On November 9, the Indian armed forces tribunal suspended the life sentence of an Indian army captain. In 2020, the officer was found guilty of killing three Kashmiri youths in a staged encounter after labelling them “terrorists.” Staged encounters have been used as an extra-judicial method of counterinsurgency by the Indian army, accruing human rights violations and abuses against Kashmiris.

Since human rights and civil society activism are under severe repression, no public protest was possible even though the families were outraged. This is where human rights defenders and journalists played a pivotal democratic function in Kashmir. Now, any form of human rights defence or investigative journalism that challenges the Indian narrative is seen as a threat and labelled “anti-India”. Such is the level of silencing in Kashmir that in the wake of the ongoing genocide in Gaza, even pro-Palestinian protest is banned by India. The police have ordered mosques not to mention the genocide and if people want to pray for Palestine, they can do so only in Arabic and not Kashmiri.

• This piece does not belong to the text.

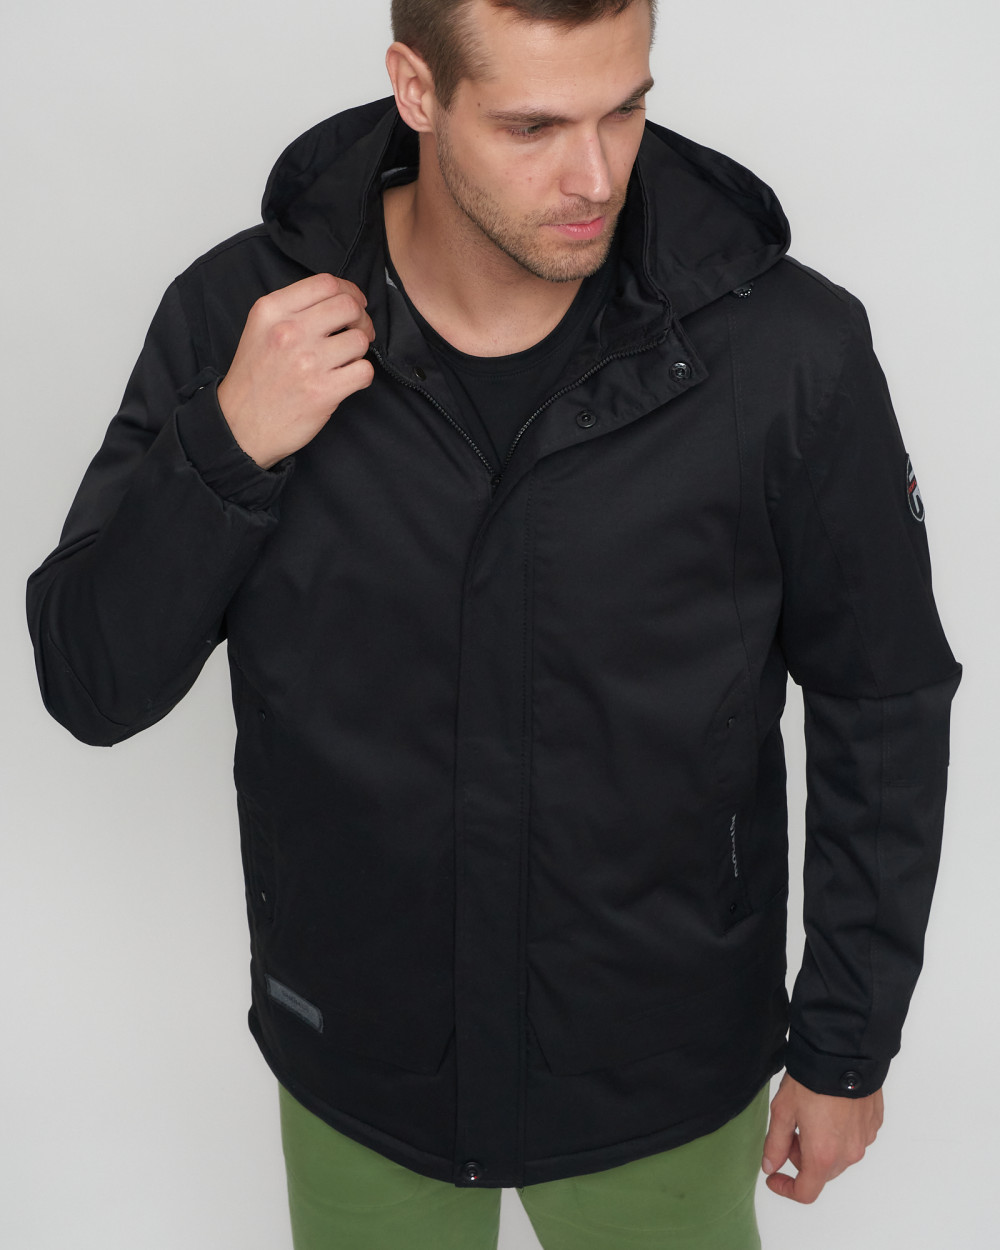 Купить куртку мужскую спортивную весеннюю оптом от производителя недорого в Москве 8599Ch 1
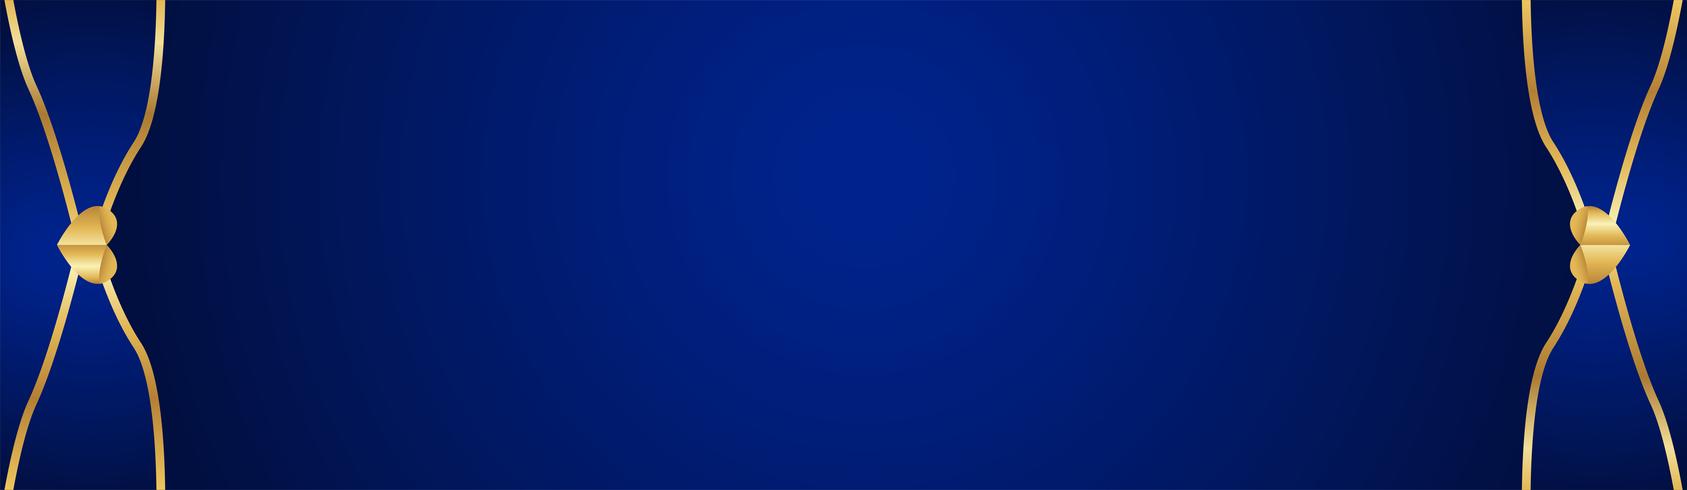 Fondo azul abstracto en estilo indio superior. Diseño de plantillas para portada, presentación de negocios, banner web, invitación de boda y empaques de lujo. Ilustración de vector con borde dorado.

Marking the second anniversary of Parvez's incarceration, global human rights organizations have once again called for his immediate and unconditional release and that of his former colleague at JKCCS and journalist Irfan Mehraj. Alice Mogwe, president of the International Federation of Human Rights (FIDH), stated:

The UN ruling on Khurram Parvez’s case authoritatively confirms that his detention is an act of reprisal for his human rights work, and an attempt to silence him and Kashmiri civil society as a whole. The Indian authorities must implement the UN’s recommendations and immediately release Khurram.”

What we need the most is strong political commitment and global solidarity to urge the Indian government to Free Khurram Parvez and free journalists Irfan Meraj and Asif Sultan. Free all Kashmiri political prisoners!

On December 11, 2023, the Jammu and Kashmir and Ladakh High Court quashed the detention order of journalist Asif Sultan under the Public Safety Act (PSA). It is still unclear when he will be released. Sultan was granted bail in April 2022 but ended up being booked under fresh charges, and his detention continued.